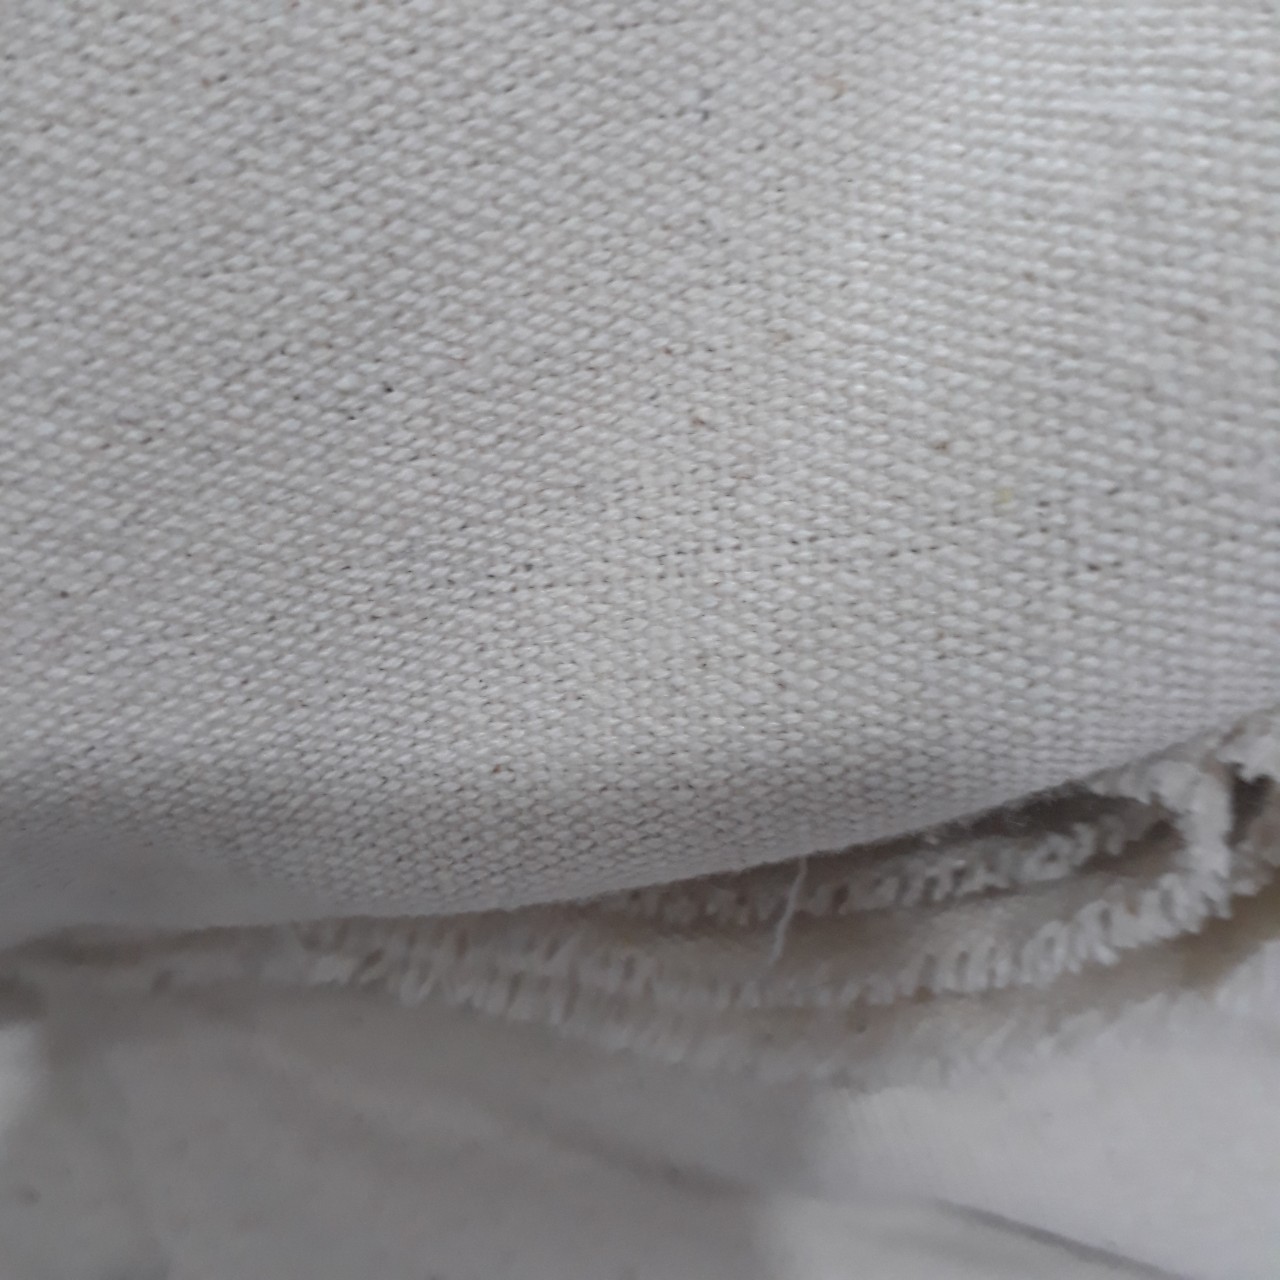 vaicanvasgiare - Phụ kiện thời trang: Vải bố thô màu tự nhiên giá rẻ khi mua số lượng lớn tại STP Vai-bo-tho-stp21
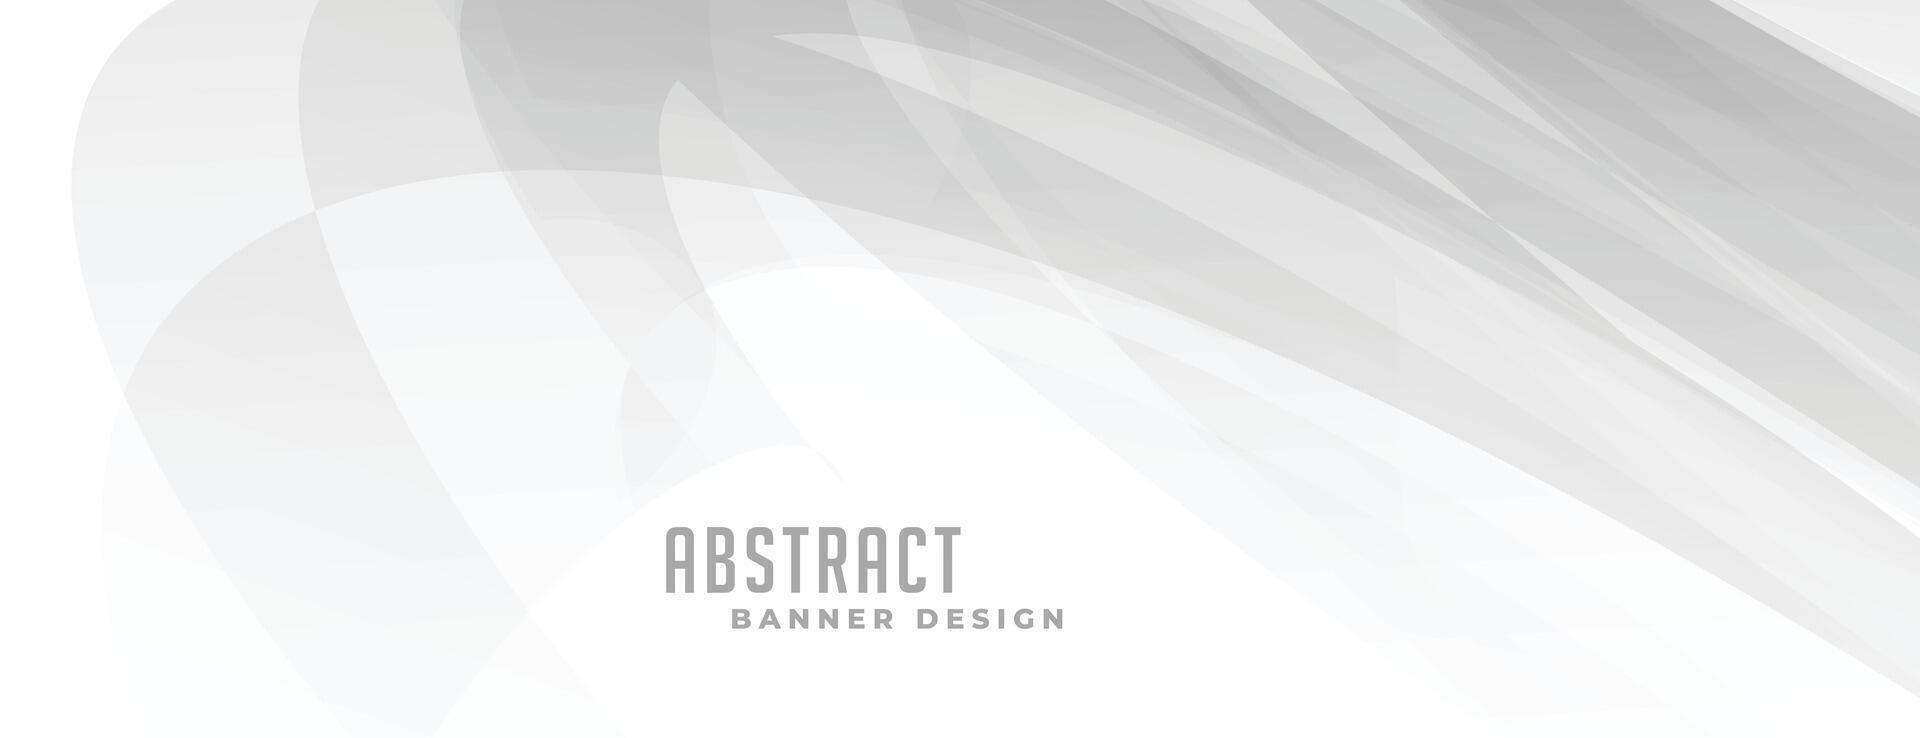 abstract wit banier met grijs lijnen ontwerp vector
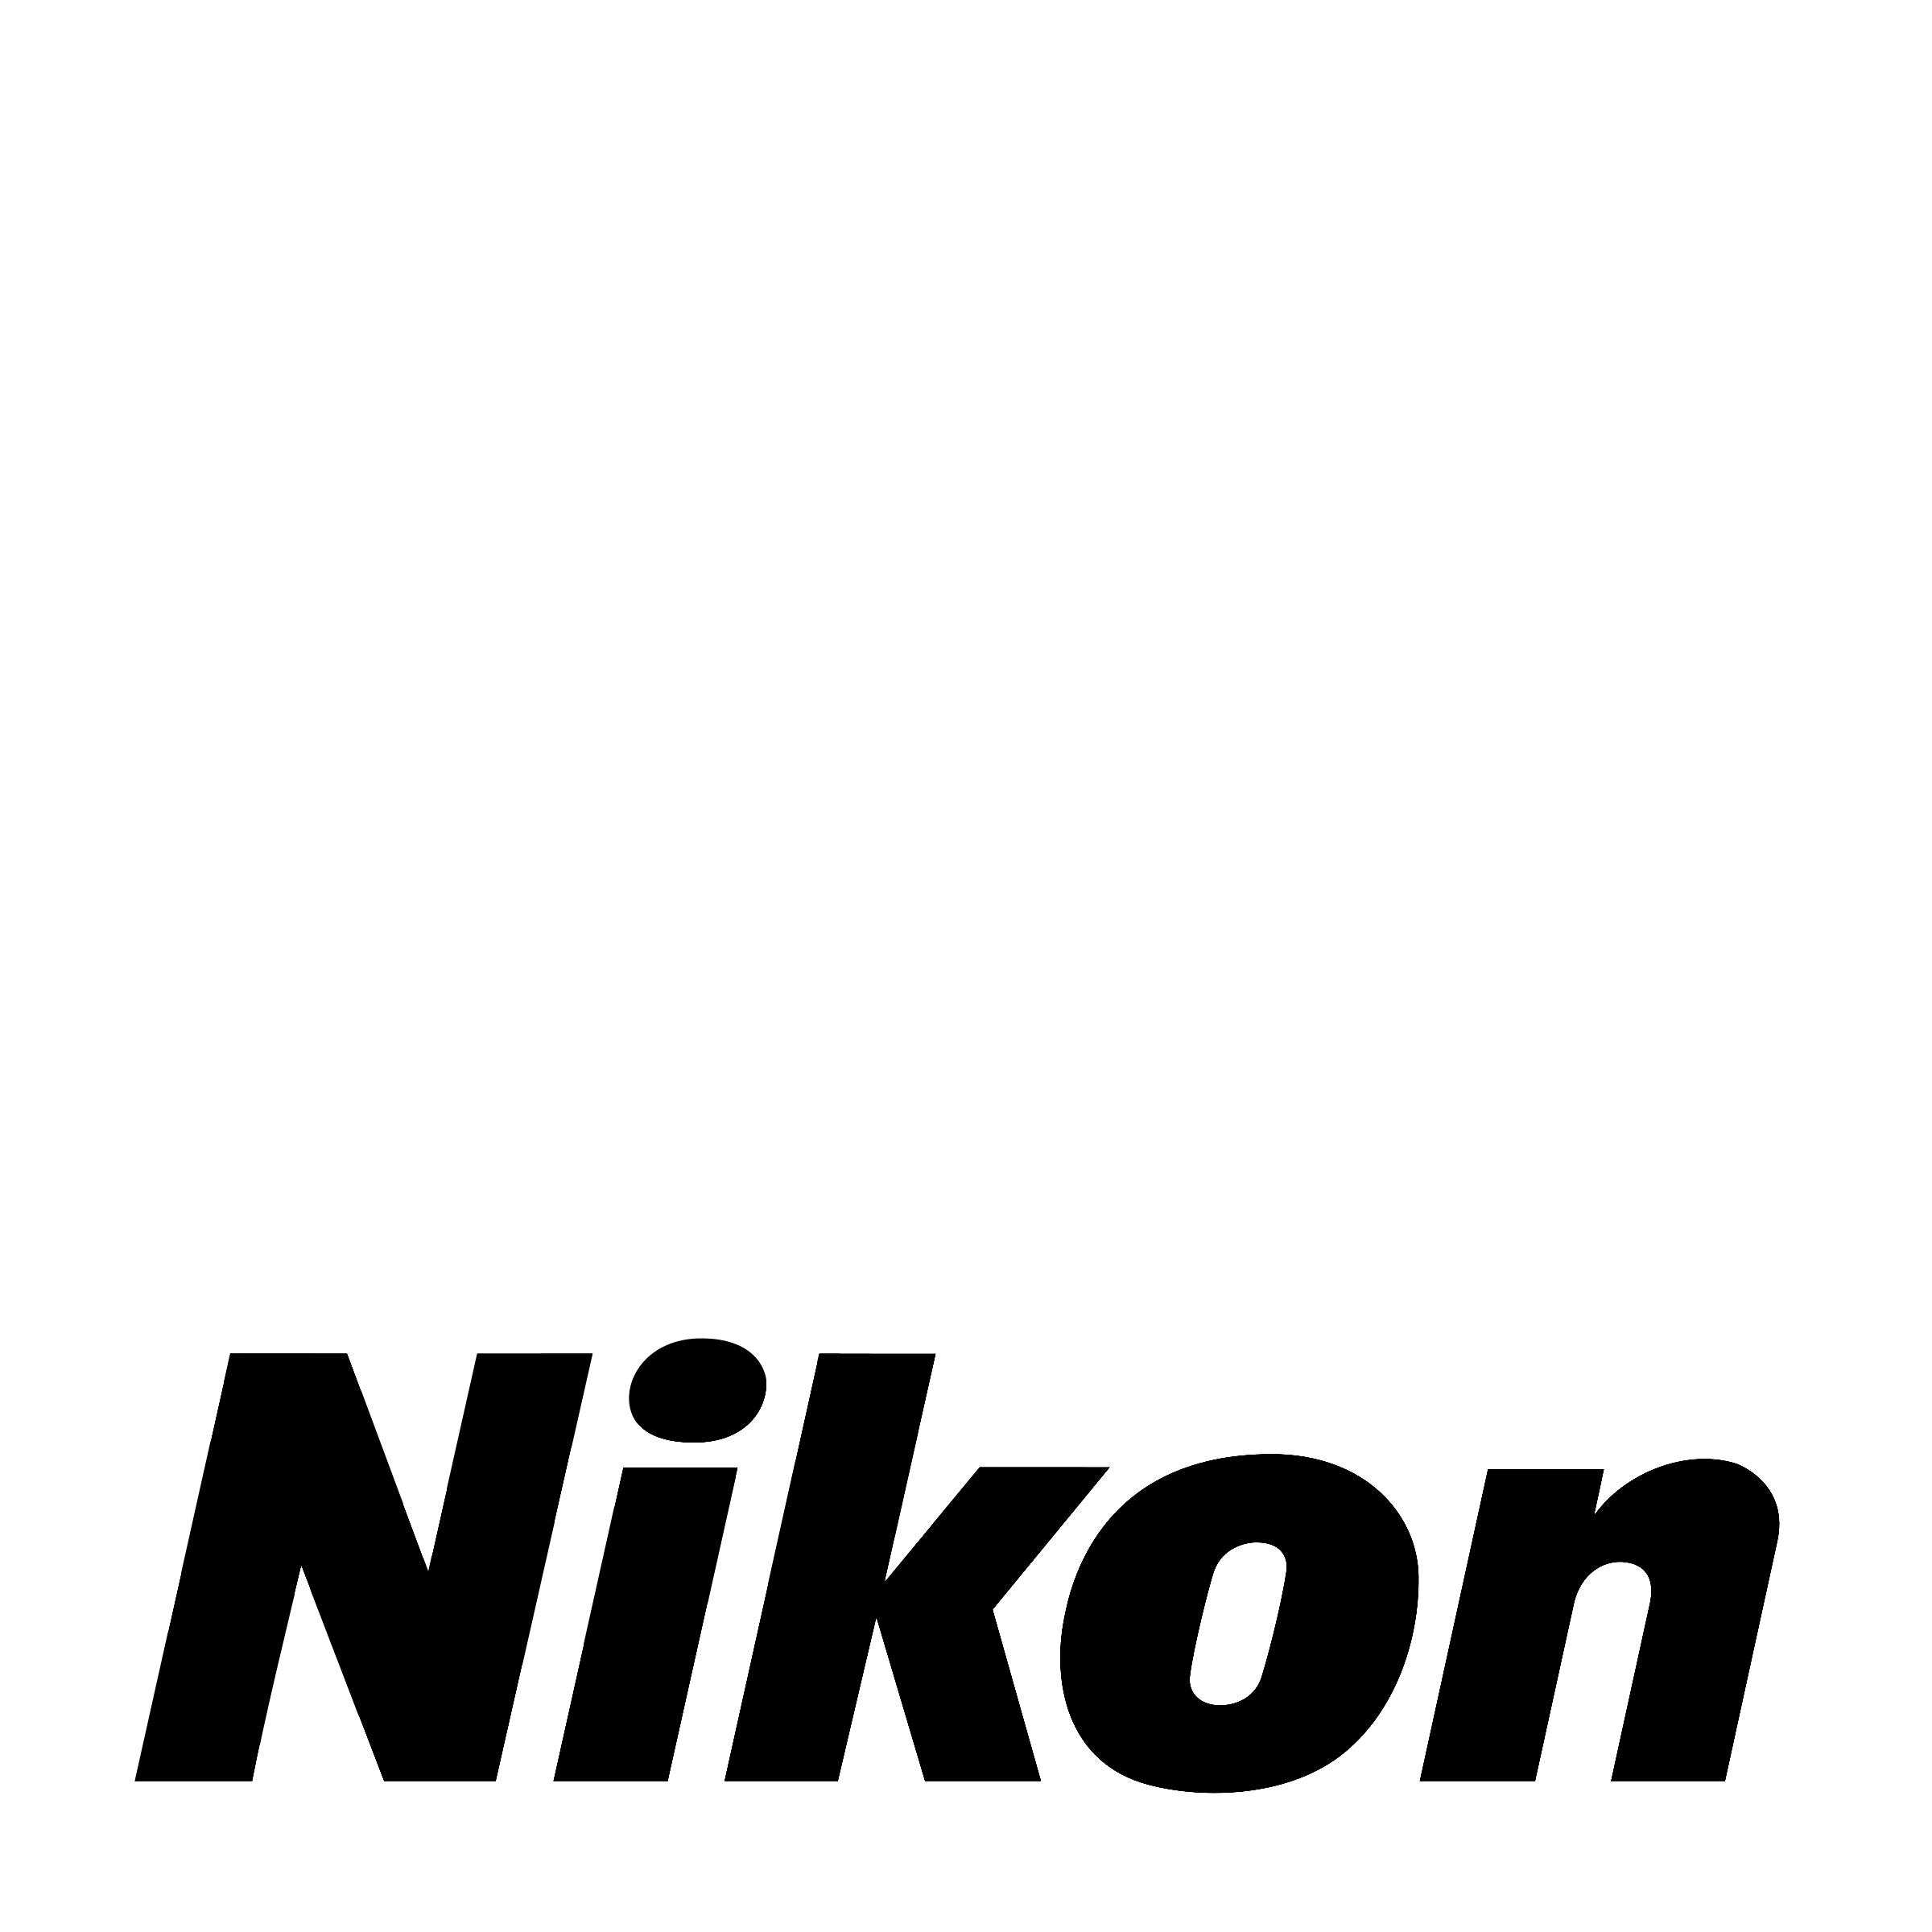 Nikon Logo Vector - Transpare

::::::

WHAT TO DO: Quote the preceding listing precisely and completely, omitting its images.

EXERCISE SOLUTION:
 vaicanvasgiare - Phụ kiện thời trang: Vải bố thô màu tự nhiên giá rẻ khi mua số lượng lớn tại STP Vai-bo-tho-stp21
 abstract wit banier met grijs lijnen ontwerp vector
 Nikon Logo Vector - Transpare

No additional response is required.